▸ Recorded data:
= = =

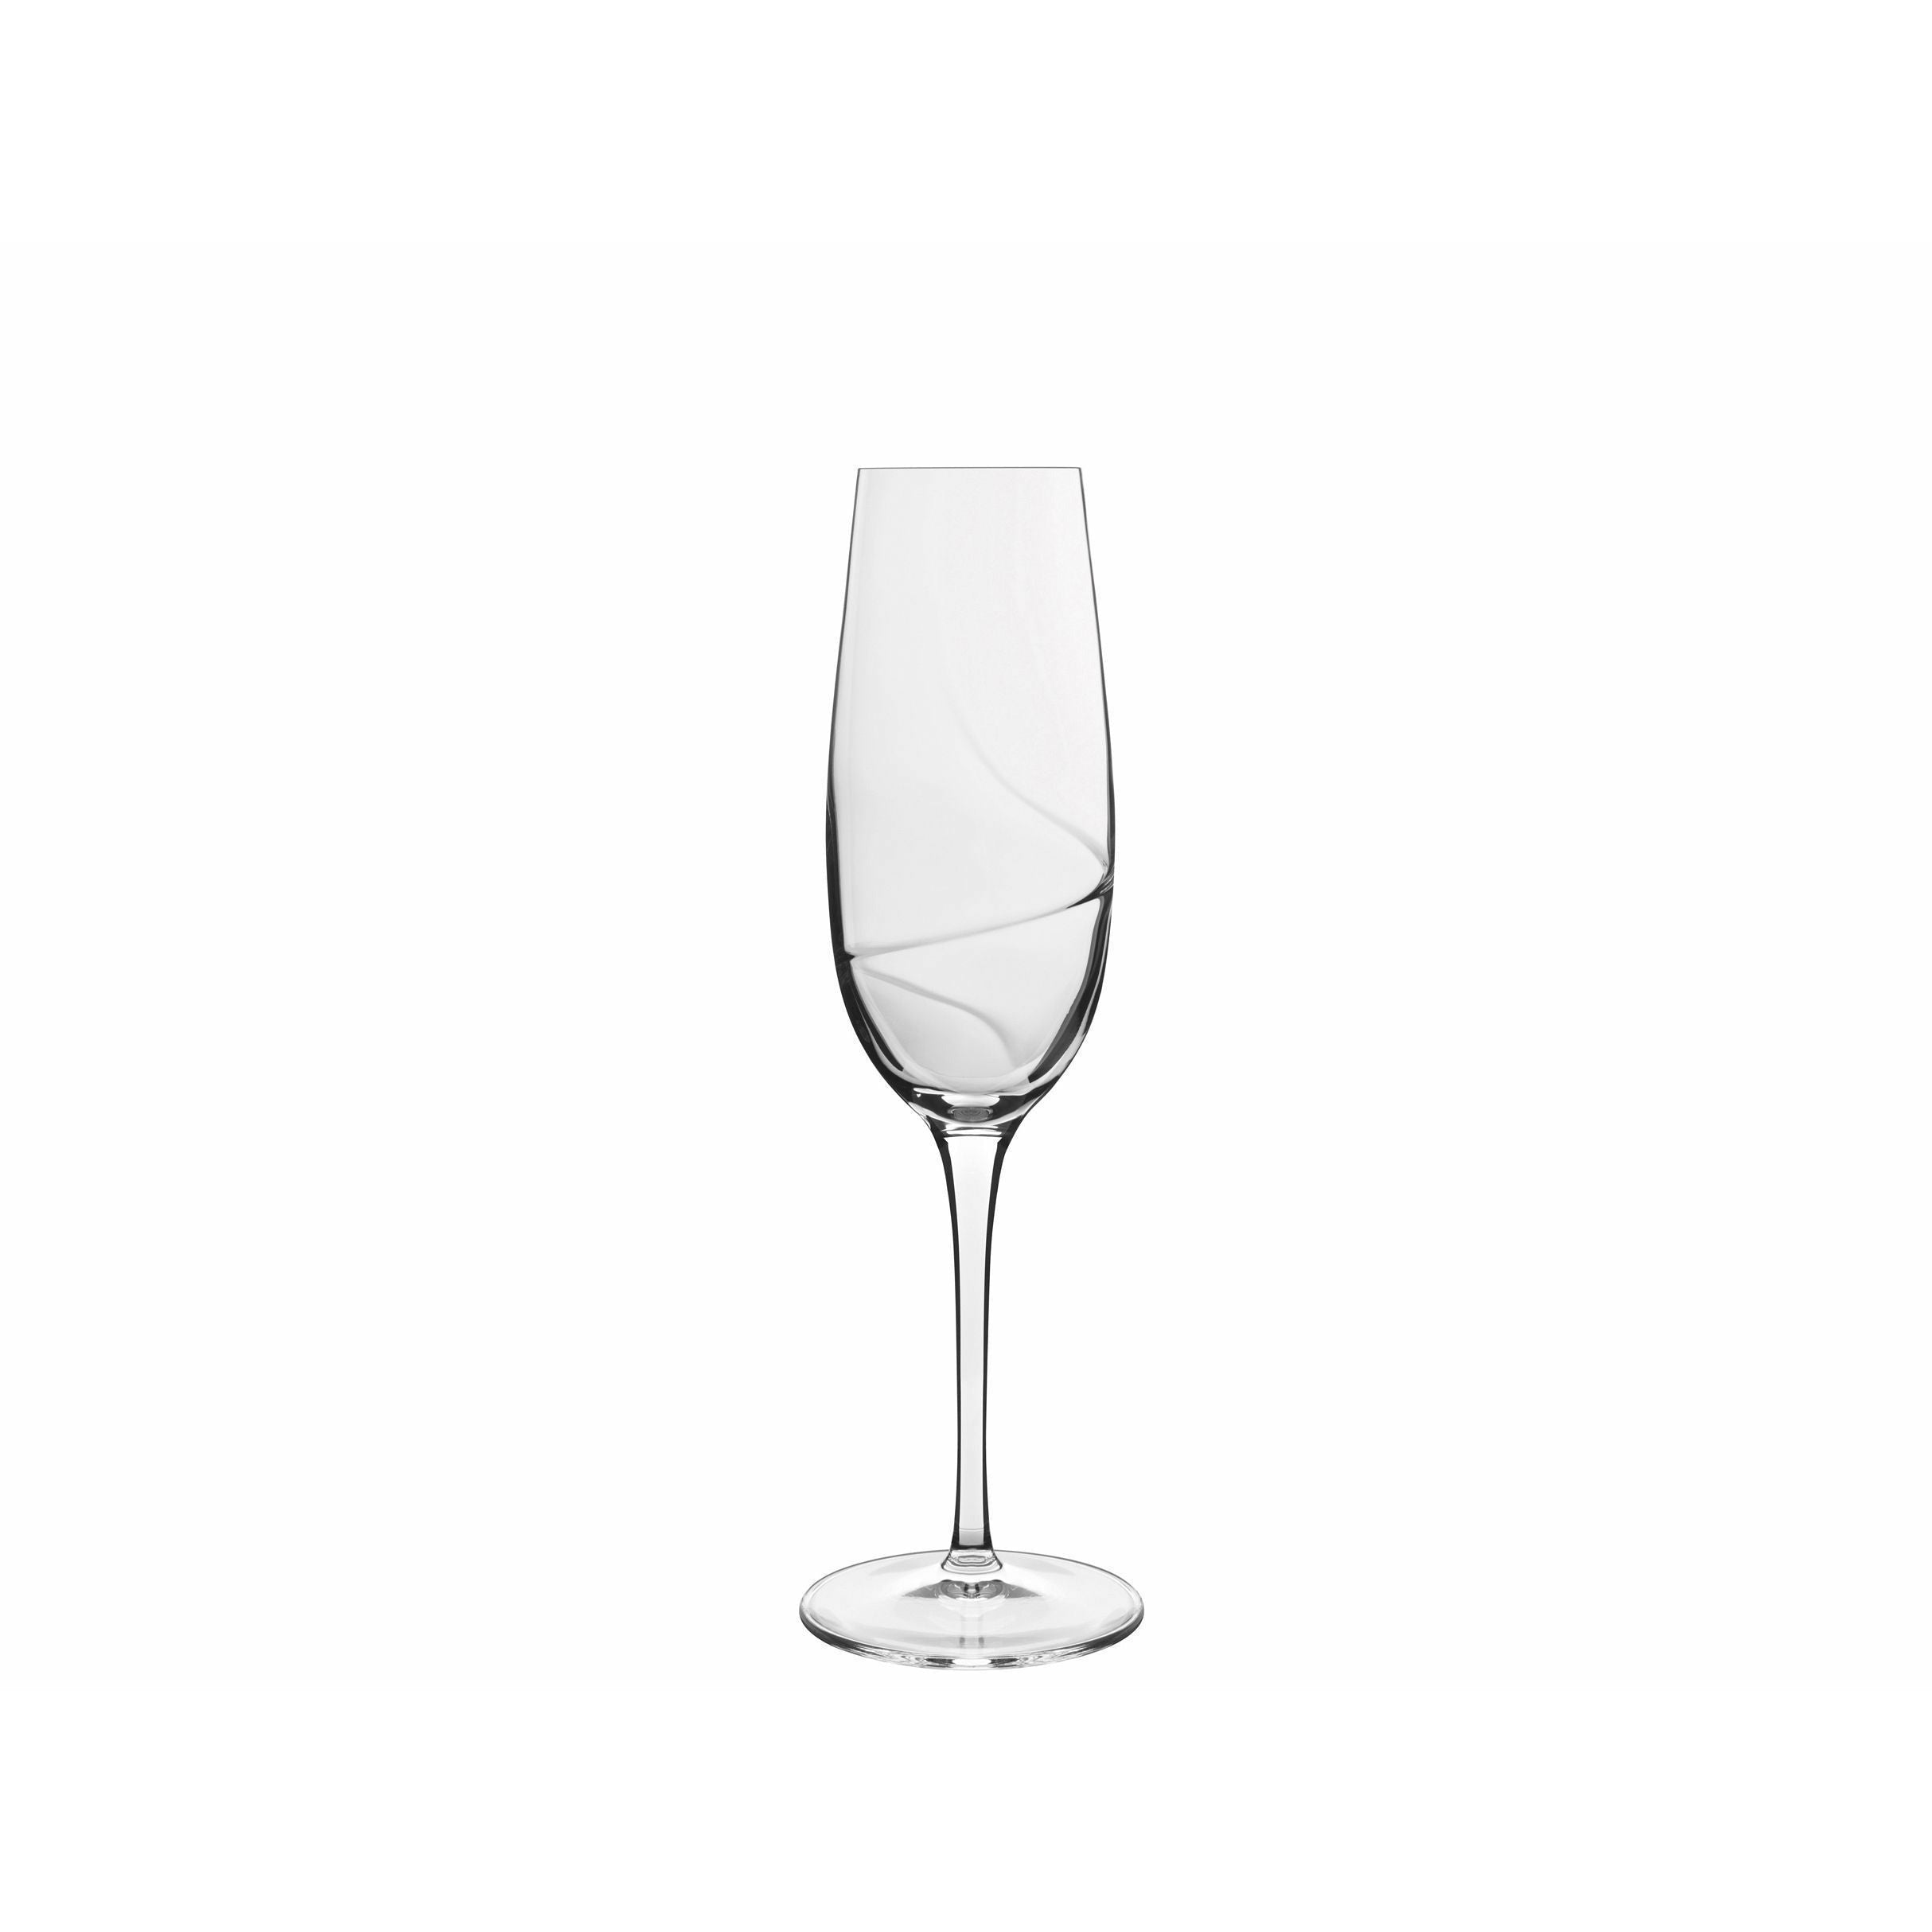 Luigi Bormioli Aero Champagne Glass, set van 6
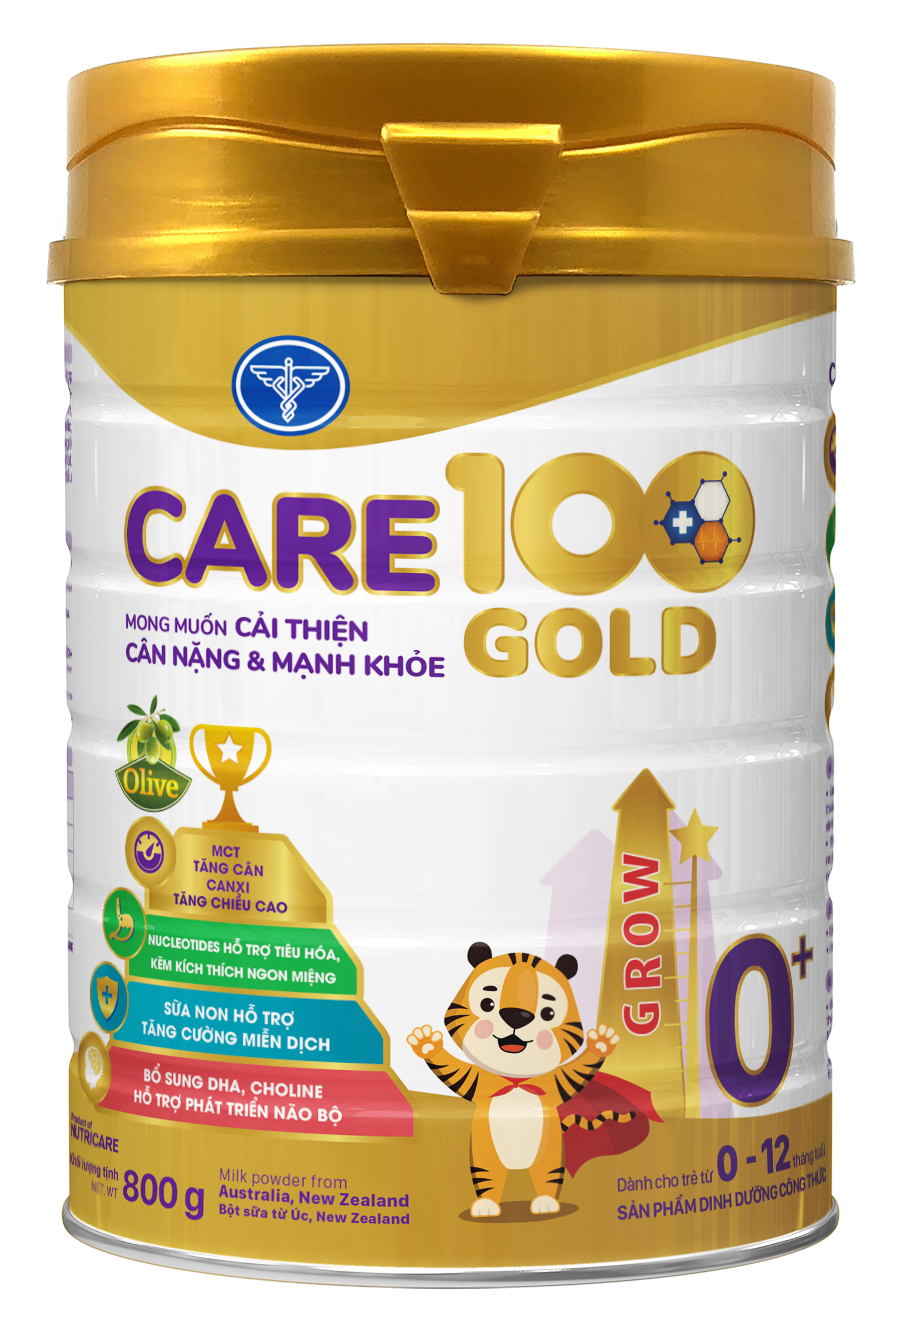 Sữa công thức Care 100 Gold 0+ lon 800g - Dành cho bé 0-12 tháng tuổi, Mong muốn cải thiện Cân nặng &amp; Mạnh khoẻ
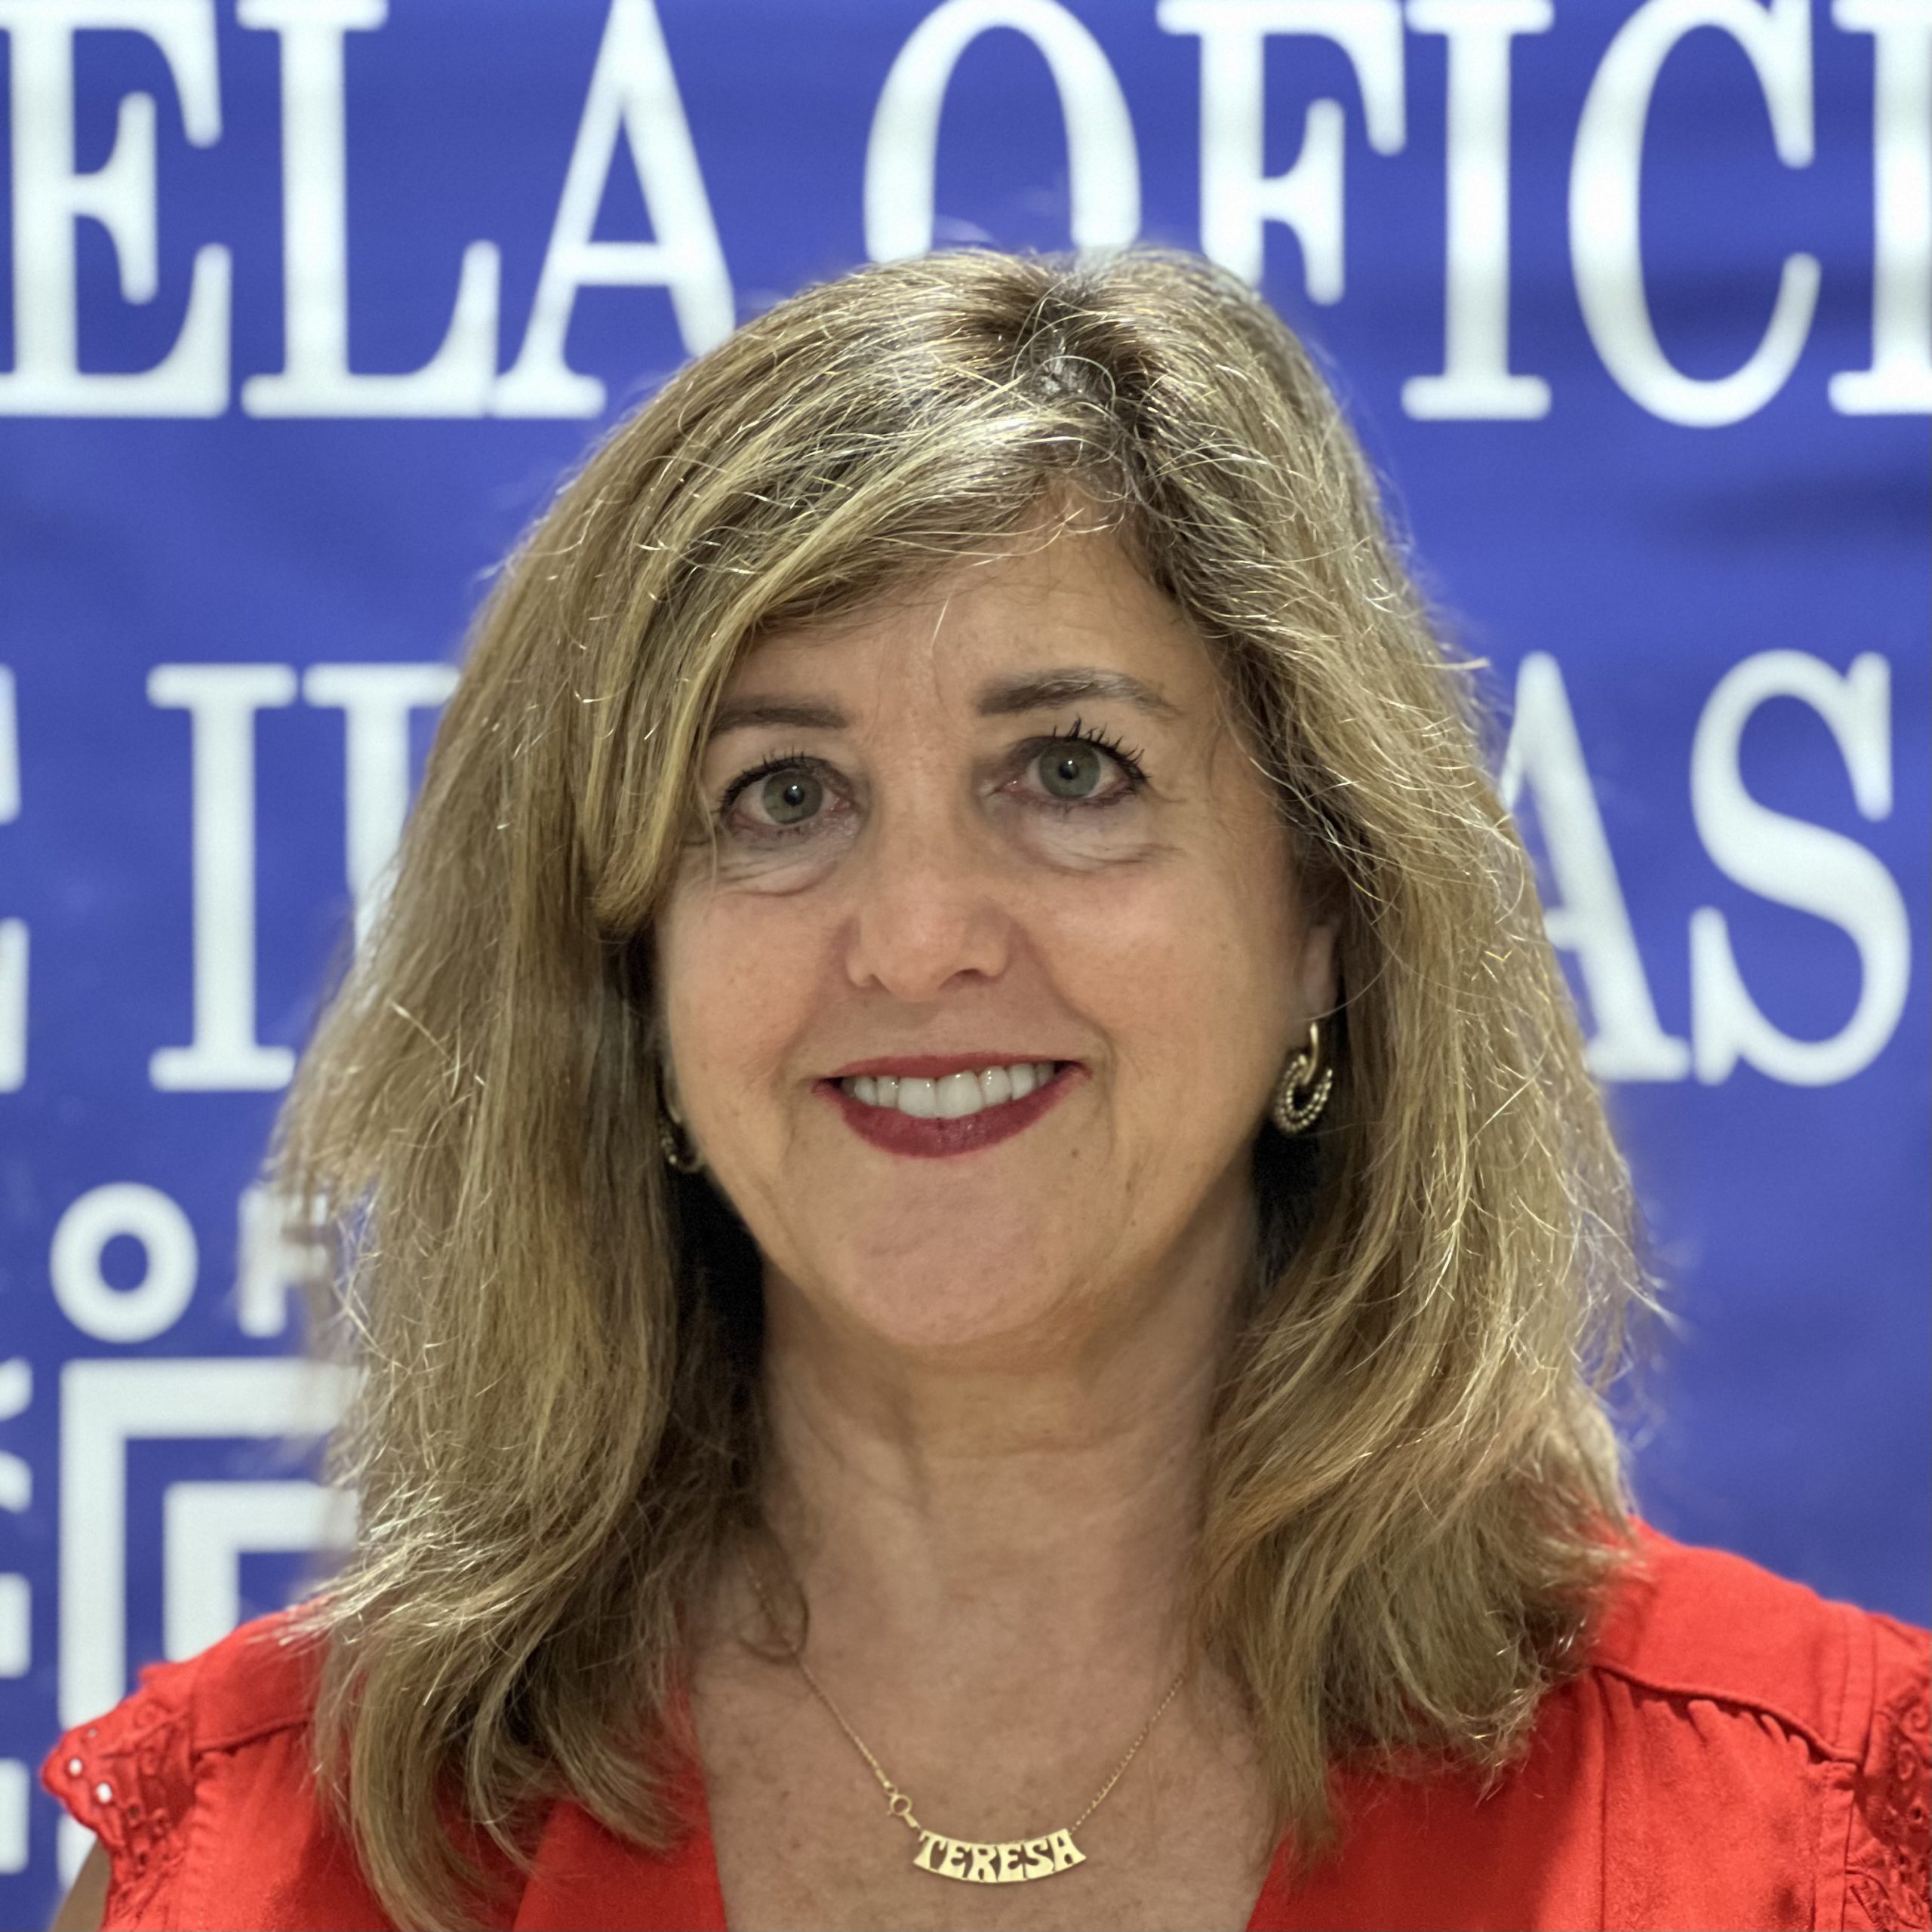 Teresa Franco

= = =

▸ Work required: Drop the pictures and reproduce the rest of the data exactly.

▸ Written answer:
 Luigi Bormioli Aero Champagne Glass, set van 6
 Sữa công thức Care 100 Gold 0+ lon 800g - Dành cho bé 0-12 tháng tuổi, Mong muốn cải thiện Cân nặng &amp; Mạnh khoẻ
 Teresa Franco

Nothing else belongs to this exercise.